The problem here is not the open discussion of emotions. Ancient philosophers ranging from Confucius to the Greek Stoics acknowledged the role that emotion plays in human reasoning. In the 1990s, after many years of studying patients with brain damage, the neuroscientist Antonio Damasio put forward a hypothesis that is now widely accepted: In a healthy brain, emotional input is a crucial part of reasoning and decision-making.
So when I called Professor Damasio, who teaches at the University of Southern California, I worried that he might strike down my humanistic observations with unflinching scientific objectivity. He didn't - he hates the phrase as much as I do. He called it "bad usage" and "a sign of laziness in thinking", not because it acknowledges the presence of emotion but because it is an imprecise hedge that conceals more than it reveals. "It doesn't follow that because you have doubts, or because something is tempered by a gut feeling, that you cannot make those distinctions as clear as possible," he said.

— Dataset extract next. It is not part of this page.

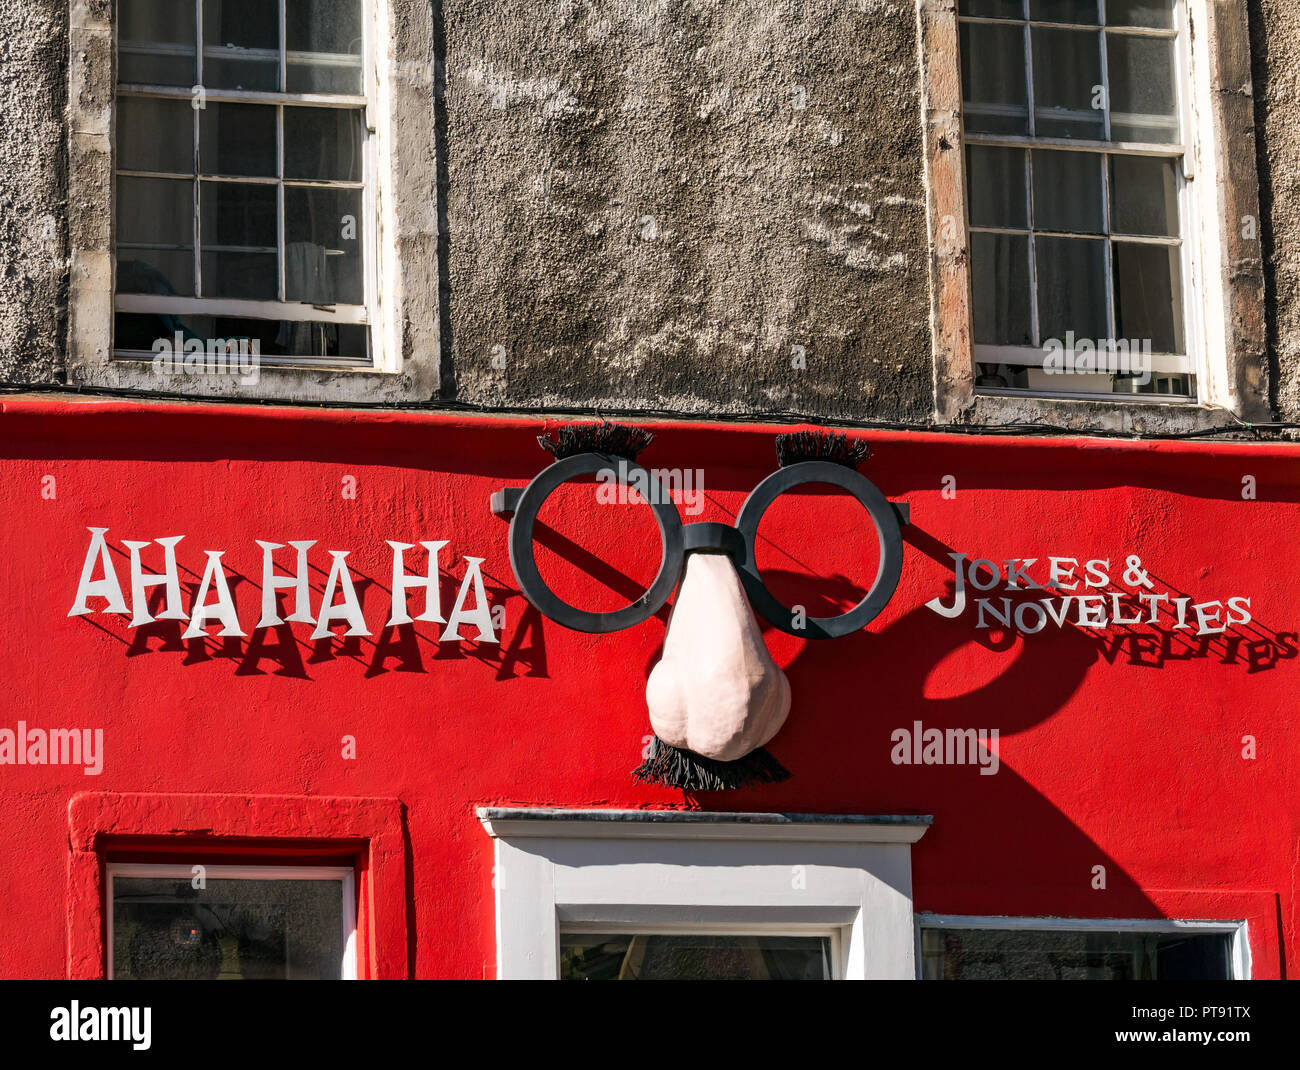 Front von Witz und Neuheit Laden namens Aha ha ha mit lustigen große Nase und Brille, West Bogen, Edinburgh, Schottland, Großbritannien Stockfoto

This is what is most disturbing about "I feel like": The phrase cripples our range of expression and flattens the complex role that emotions do play in our reasoning. It turns emotion into a cudgel that smashes the distinction - and even in our relativistic age, there remains a distinction - between evidence out in the world and internal sentiments known only to each of us.

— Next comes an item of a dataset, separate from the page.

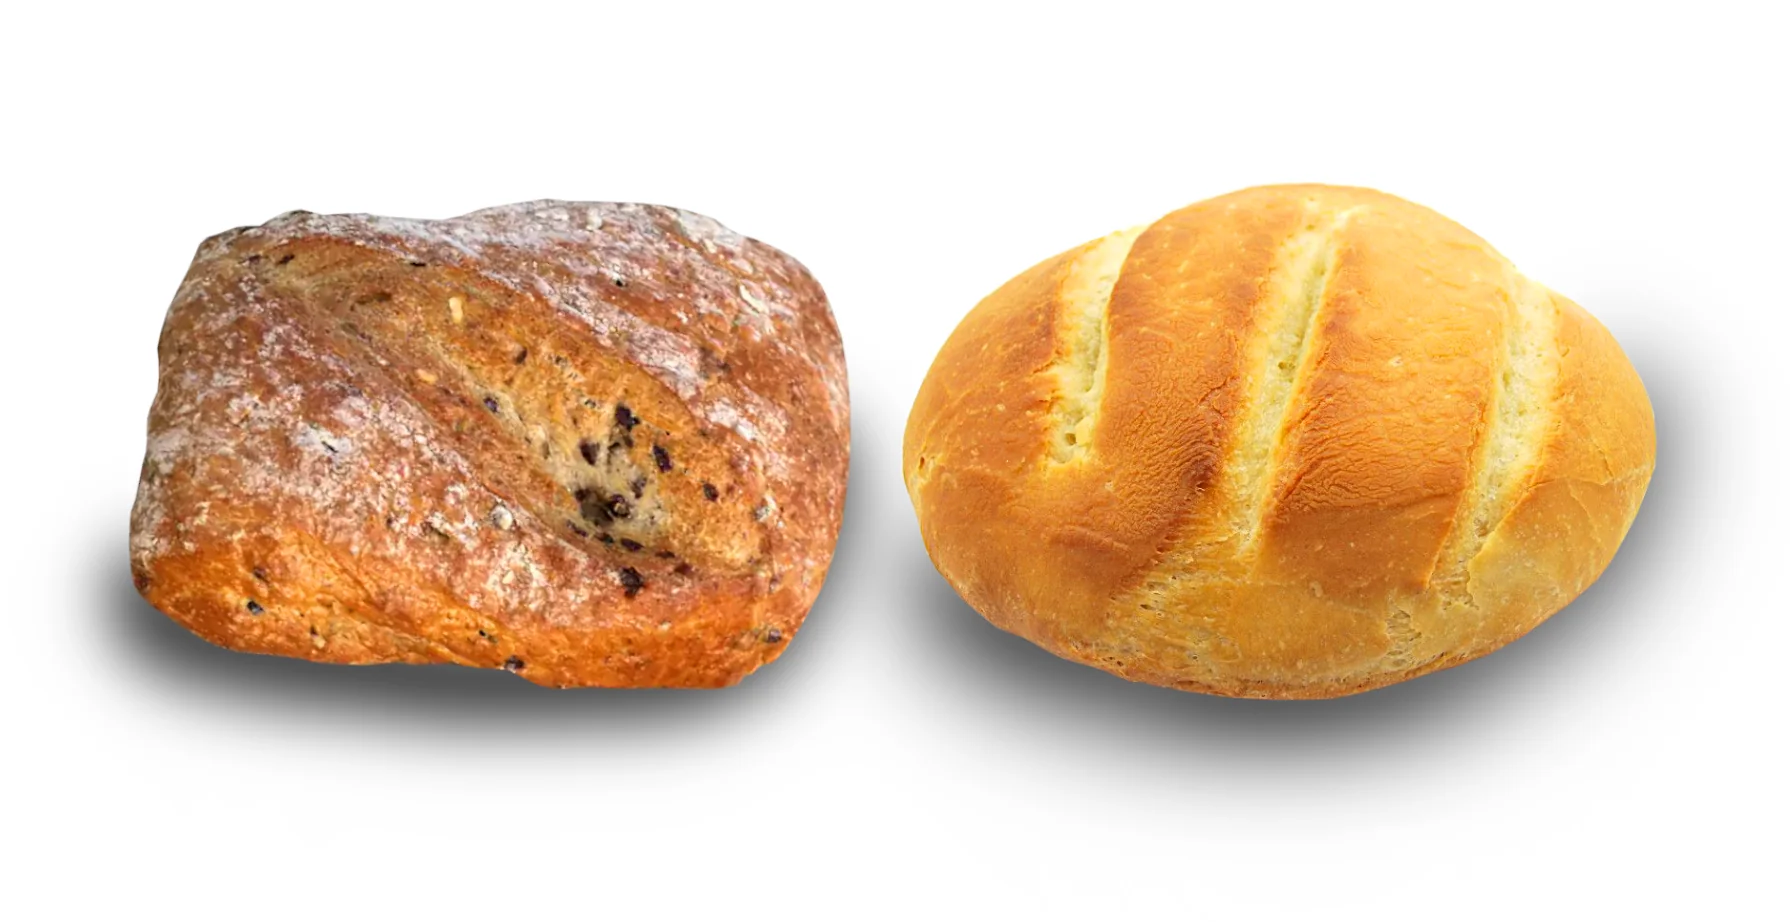 sourdough vs whole wheat bread

"This is speculative, but 'I feel like' fits with this general relativism run rampant," Ms Sally McConnell-Ginet, a linguist at Cornell, suggested. "There are different perspectives, but that doesn't mean there are not some facts on the ground and things anchoring us."

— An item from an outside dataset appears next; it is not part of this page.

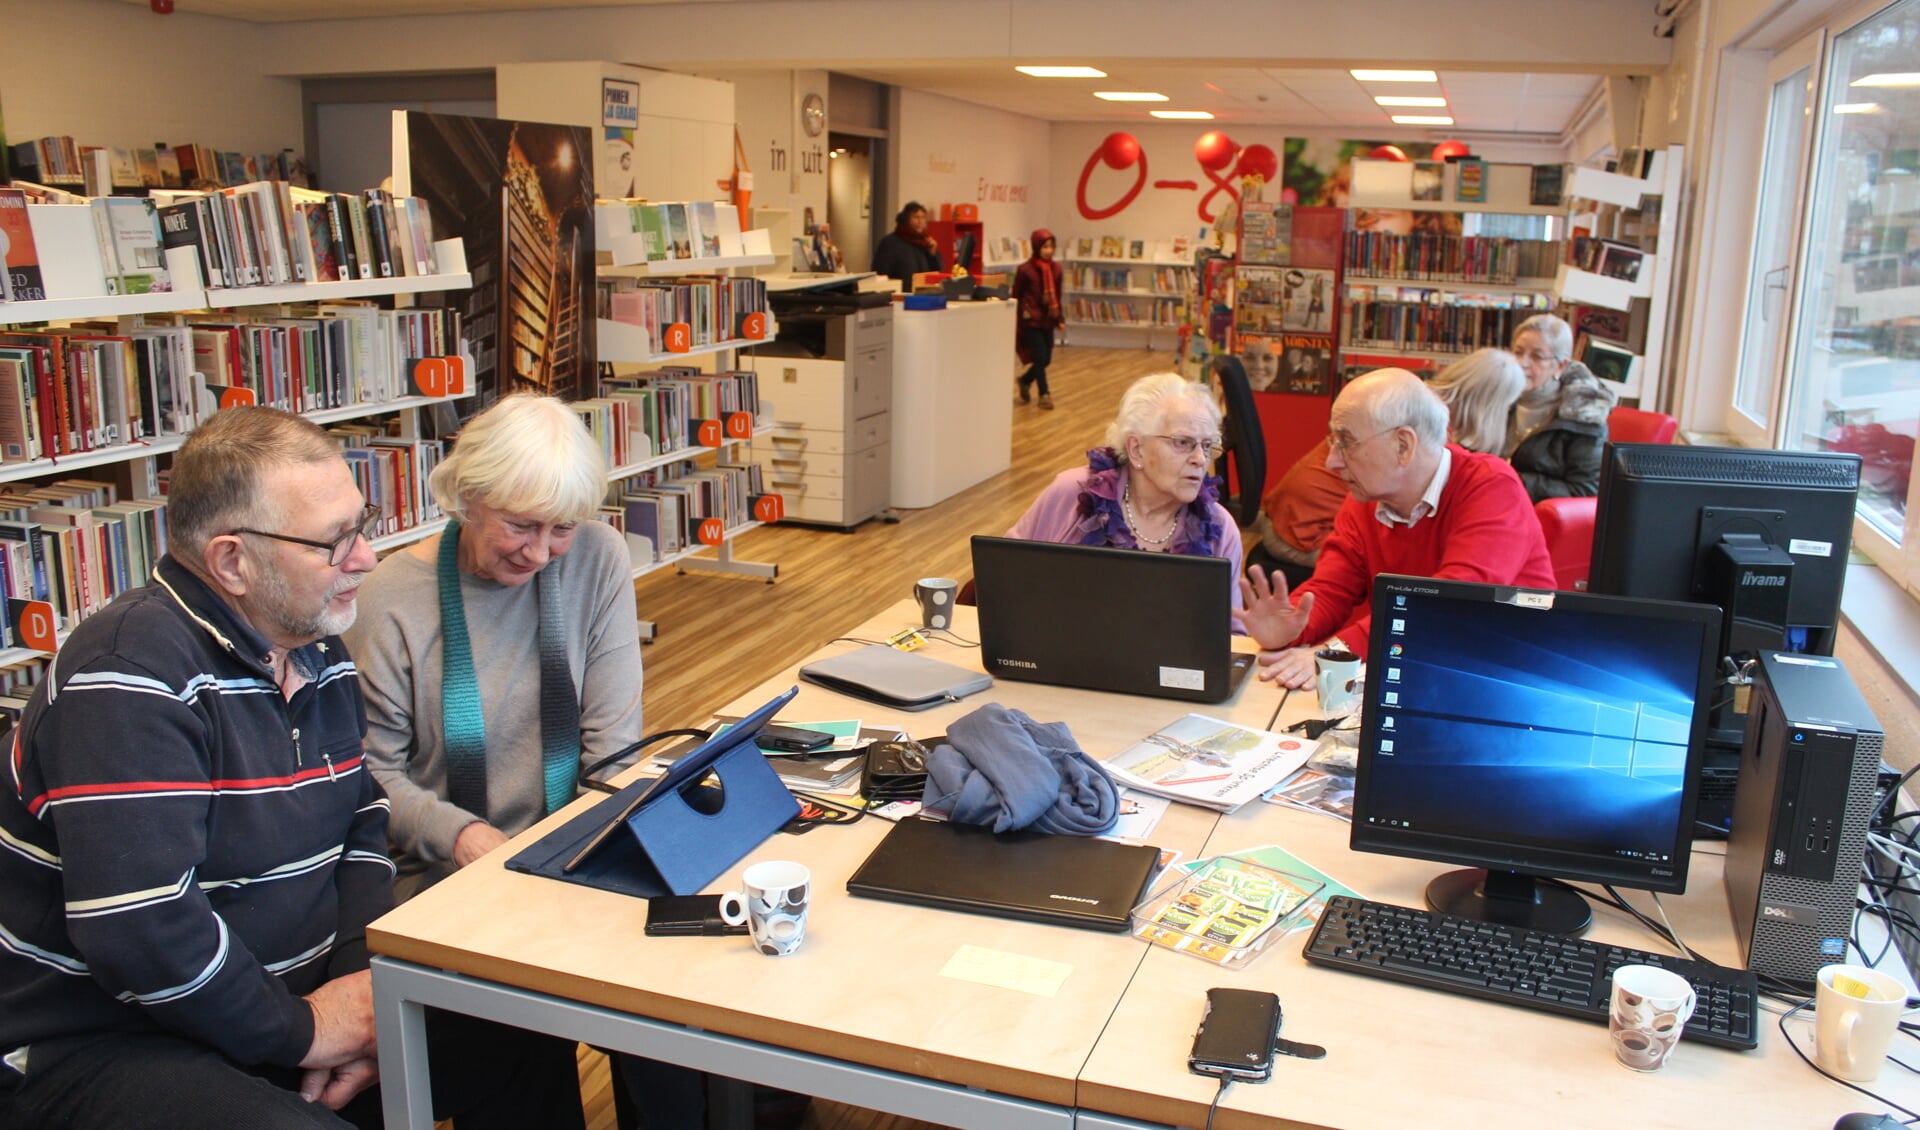  Het leercentrum van Idea SeniorWeb bevindt zich in de bibliotheek aan de Nachtegaallaan 30 te Maartensdijk. 
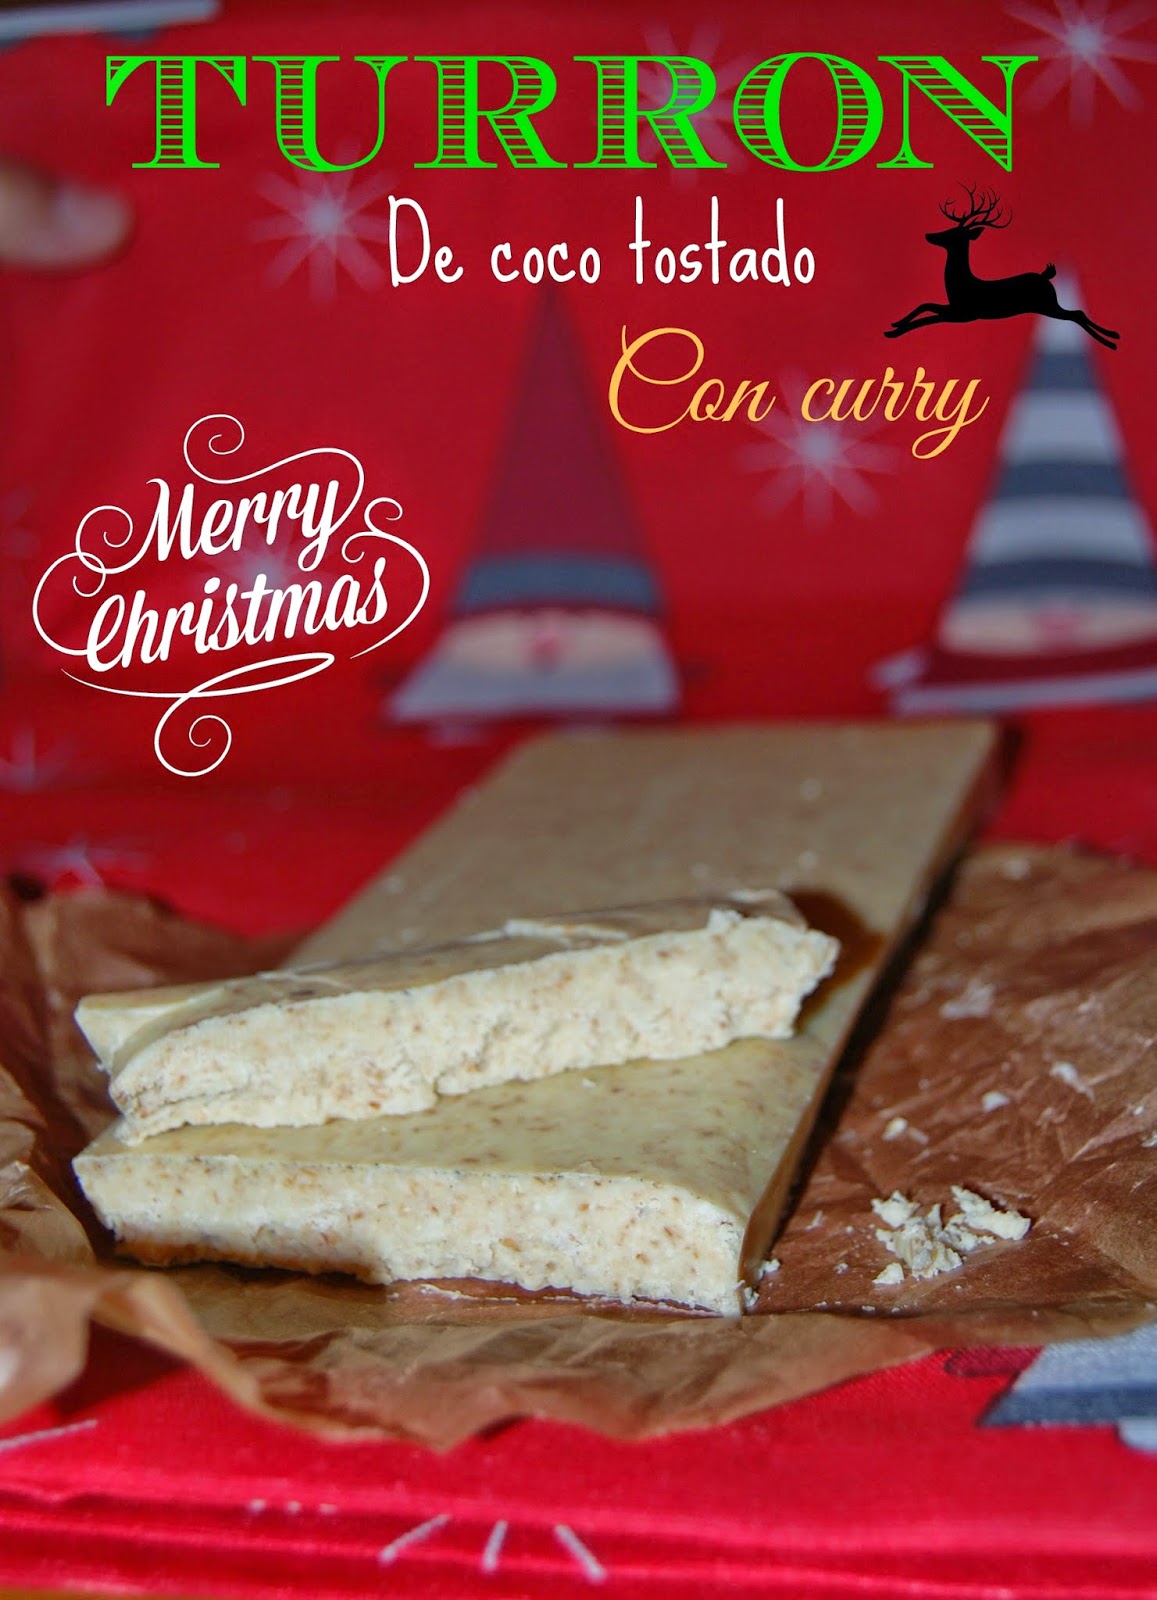 http://azucarenmicocina.blogspot.com.es/2014/12/turron-de-chocolate-blanco-coco-tostado.html

For decades, Americans have been in the process of abandoning both the moral strictures of religion and the Enlightenment quest for universal truth in favour of obsessing over their own internal states and well-being. In 1974, sociologist Richard Sennett worried that "the more a person concentrates on feeling genuinely, rather than on the objective content of what is felt, the more subjectivity becomes an end in itself, the less expressive he can be". This quest to understand and cope with our own feelings and desires - the current term of art is "self-care" - can lead to what the writer Christopher Lasch called "pseudo-self-awareness". It can leave us too preoccupied with personal satisfaction to see the world clearly. "The new narcissist is haunted not by guilt but by anxiety," Mr Lasch wrote in his 1979 book, The Culture Of Narcissism. "He seeks not to inflict his own certainties on others but to find a meaning in life."
In her 2001 book, Race Experts, Ms Lasch-Quinn (Mr Lasch's daughter) argued that the vogue for therapeutic self-help has steered the American left off course, encouraging well-meaning activists to push for sensitivity training seminars instead of real gains in racial and economic equality. The phrase "I feel like" is a mundane extension of this pattern, a means of avoiding rigorous debate over structures of society that are hard to change.
If our students have any hope of solving the problems for which trigger warnings and safe spaces are mere Band-Aids, they must reject this woolly way of speaking their minds. "Cultivating the art of conversation goes a long way towards correcting these things," Ms Lasch-Quinn said. "Instead of caricaturing someone who says 'I feel like', we can say, what does it mean to say that instead of 'I think'?"
The more common "I feel like" becomes, the less importance we may attach to its literal meaning. "I feel like the emotions have long since been mostly bleached out of 'feel that'," said Mr Mark Liberman, a linguist at the University of Pennsylvania. But when new verbal vices become old habits, their power to shape our thought does not diminish.
We should not "feel like". We should argue rationally, feel deeply and take full responsibility for our interaction with the world.
NEW YORK TIMES
•The writer is an assistant professor of history at the University of North Carolina, Chapel Hill.